How to complete this task:
Without changing a word, repeat the data, and include no pictures.

Information provided:
-----

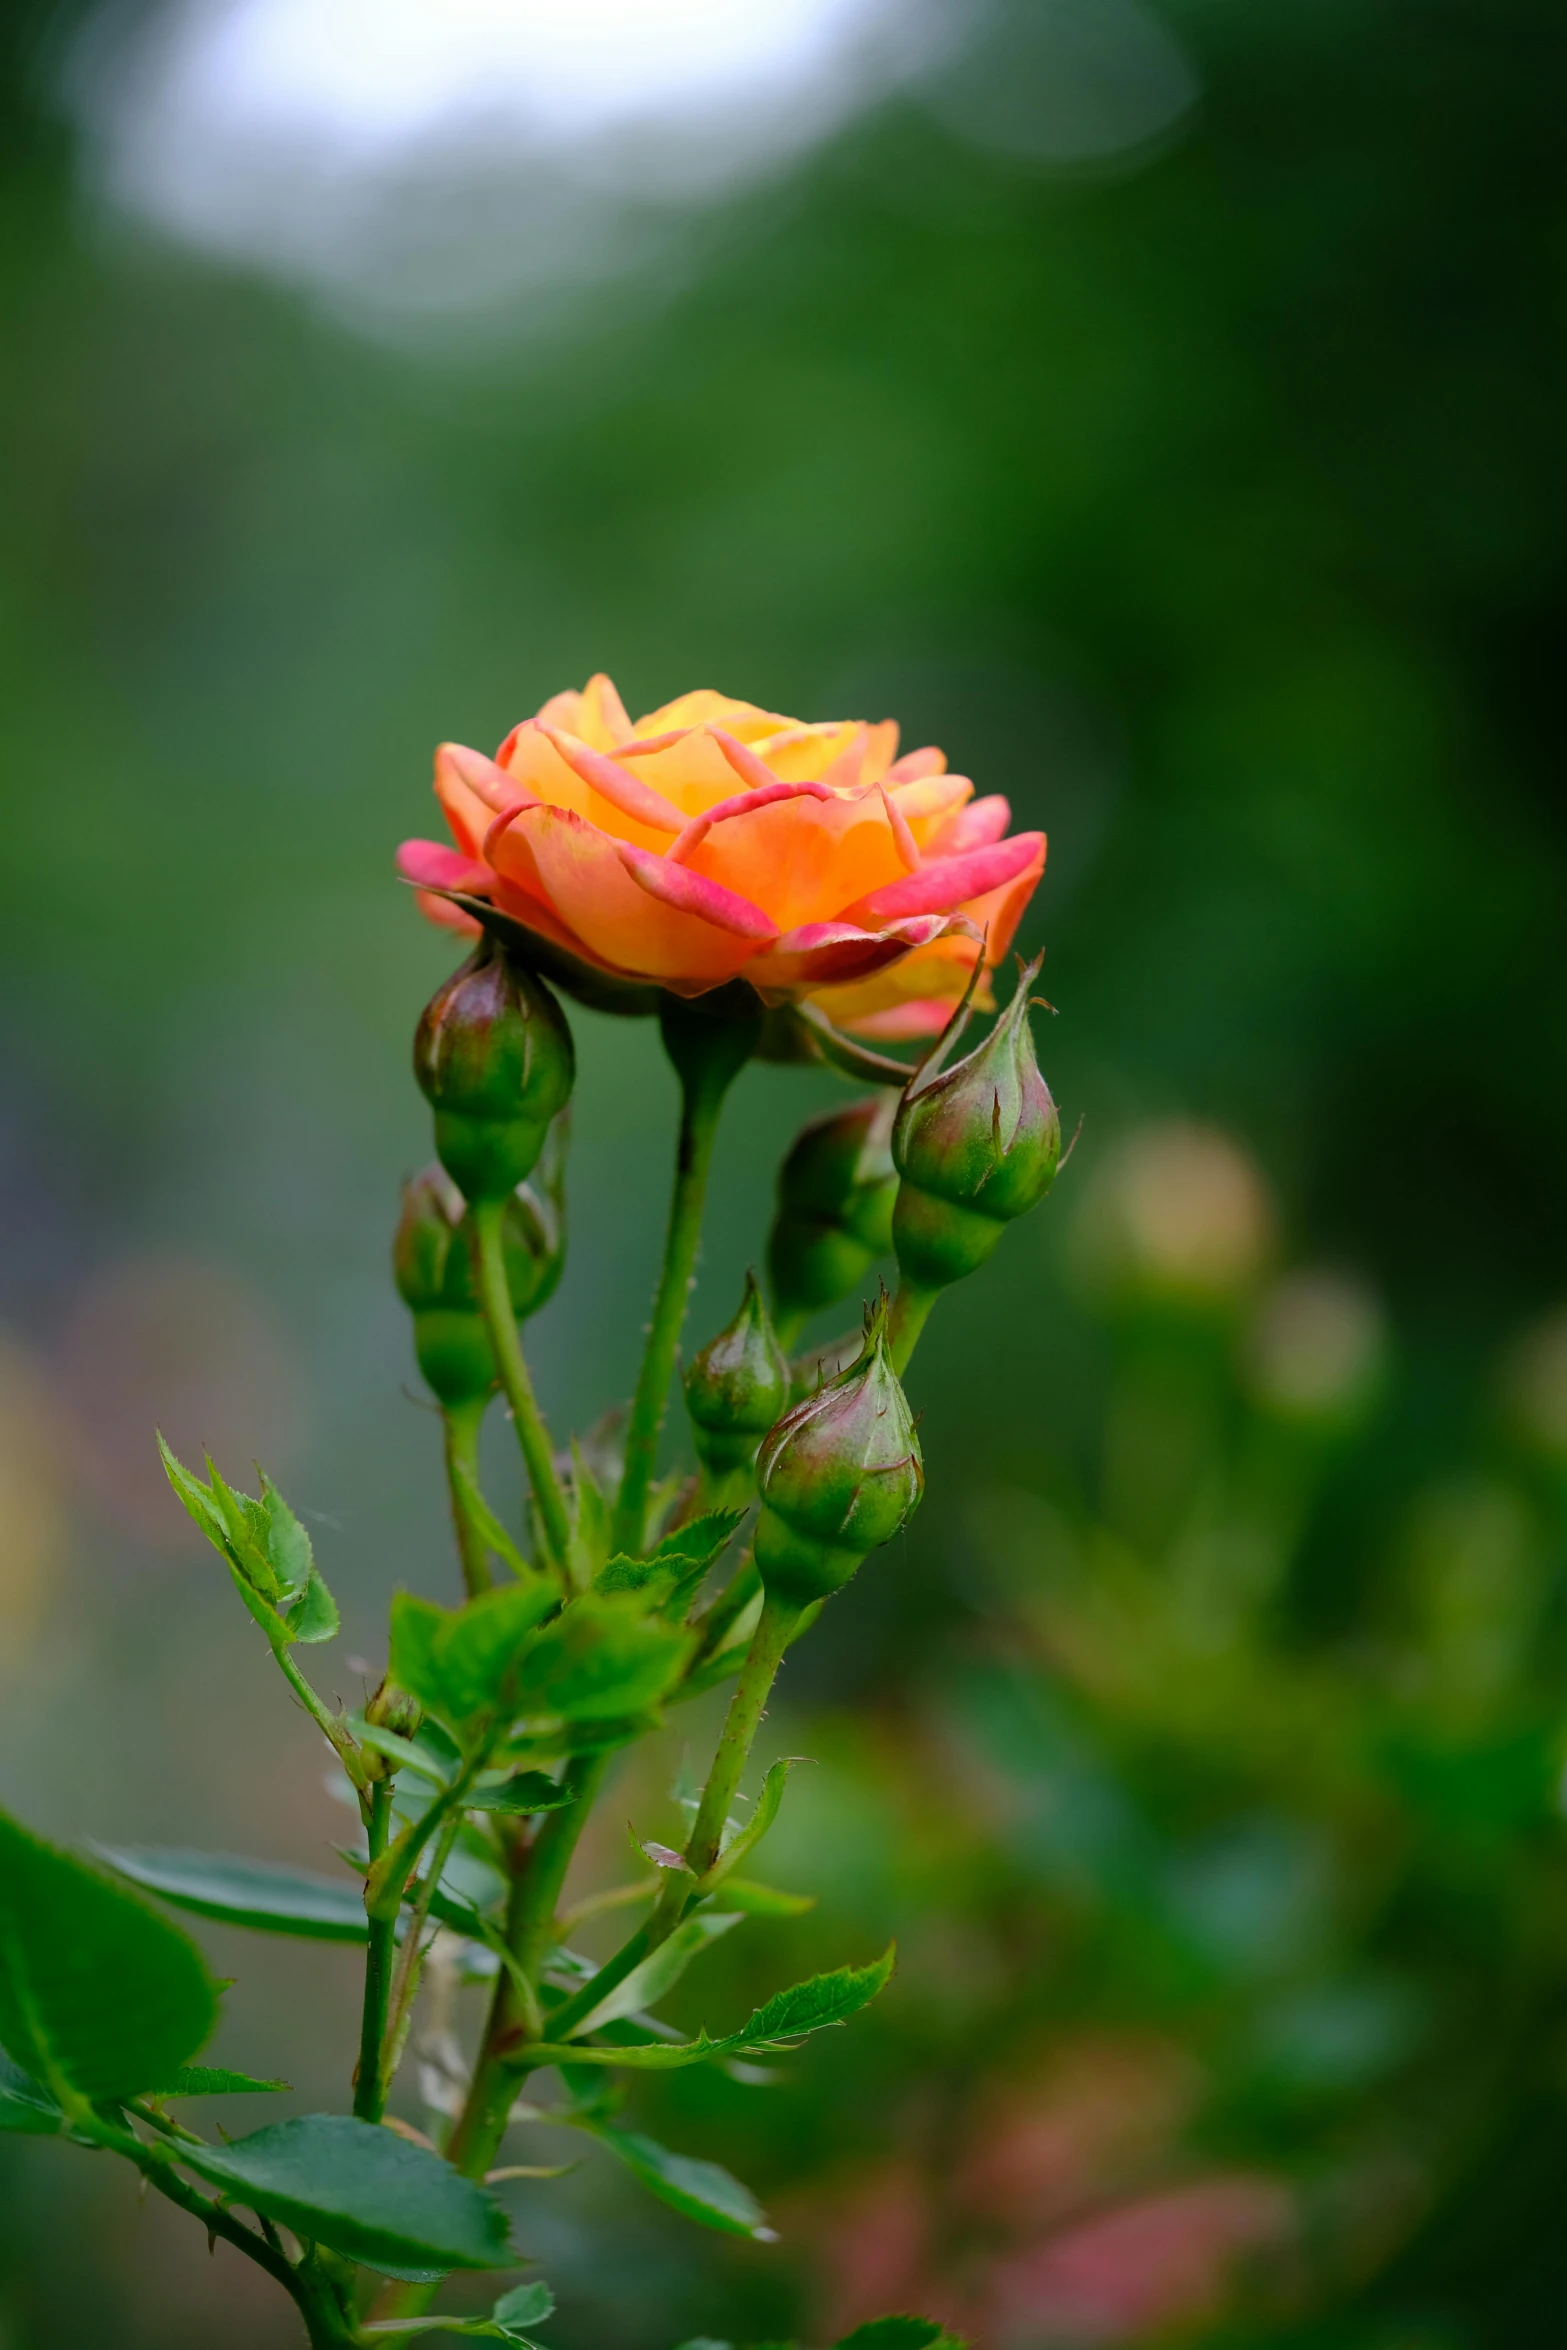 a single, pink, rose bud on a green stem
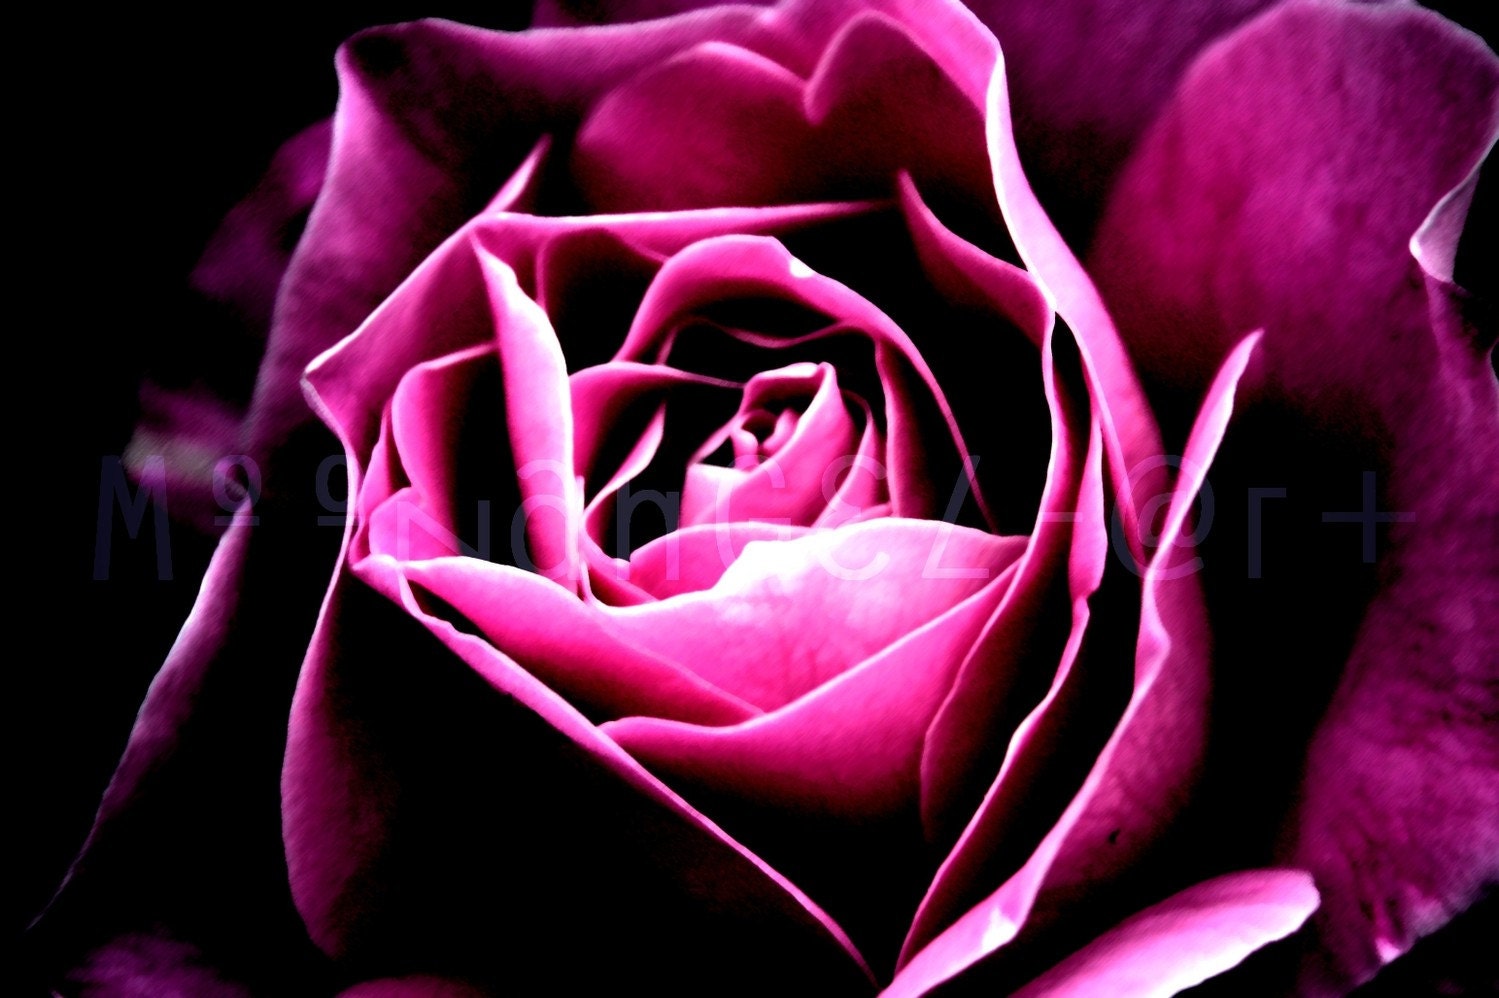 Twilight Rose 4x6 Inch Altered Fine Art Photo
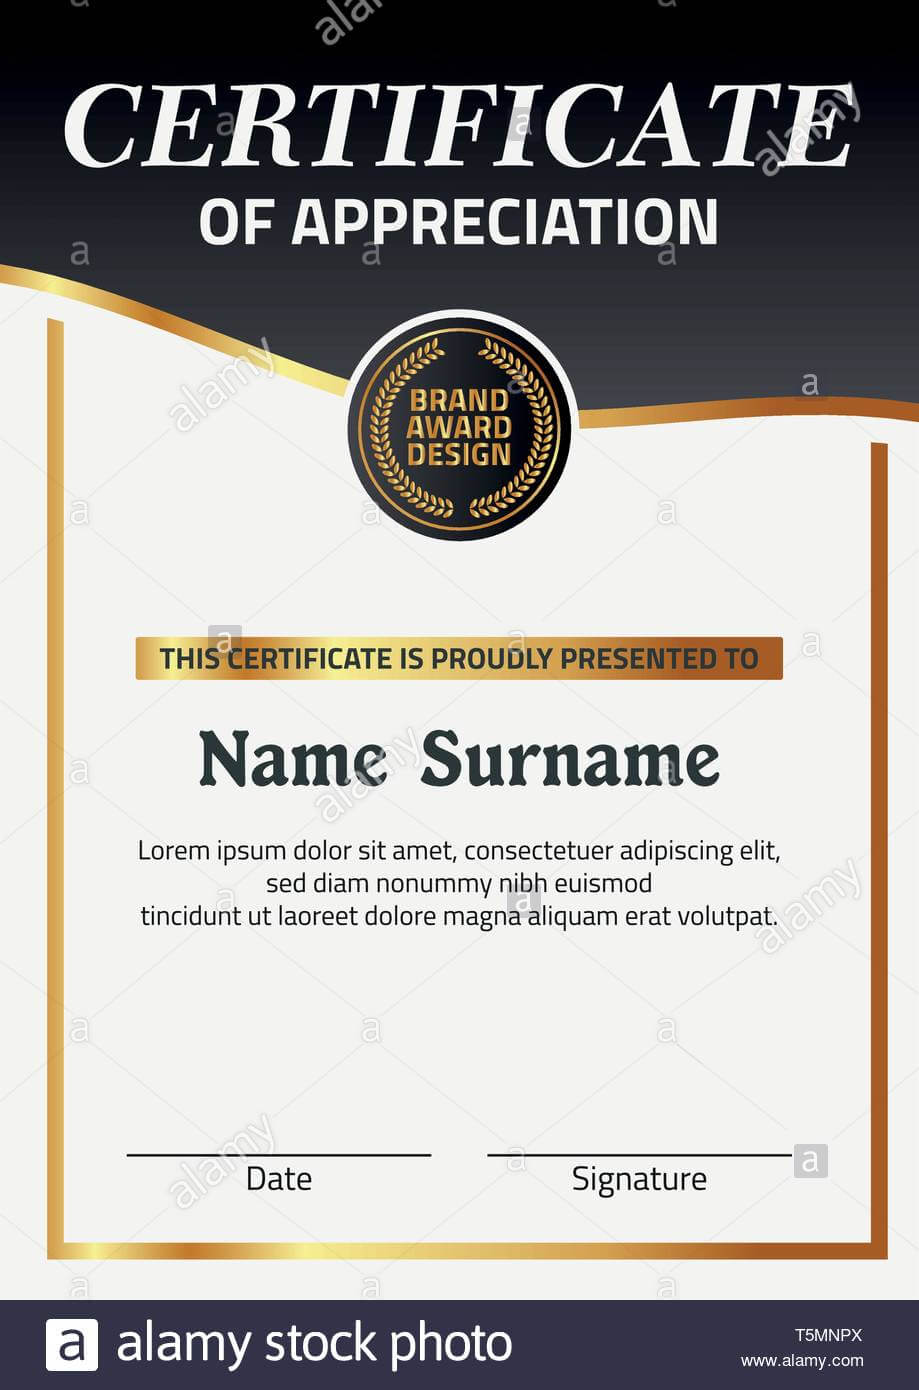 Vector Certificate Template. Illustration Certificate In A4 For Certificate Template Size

-----

Written solution:
 a single, pink, rose bud on a green stem
 Twilight Rose 4x6 Inch Altered Fine Art Photo
 Vector Certificate Template. Illustration Certificate In A4 For Certificate Template Size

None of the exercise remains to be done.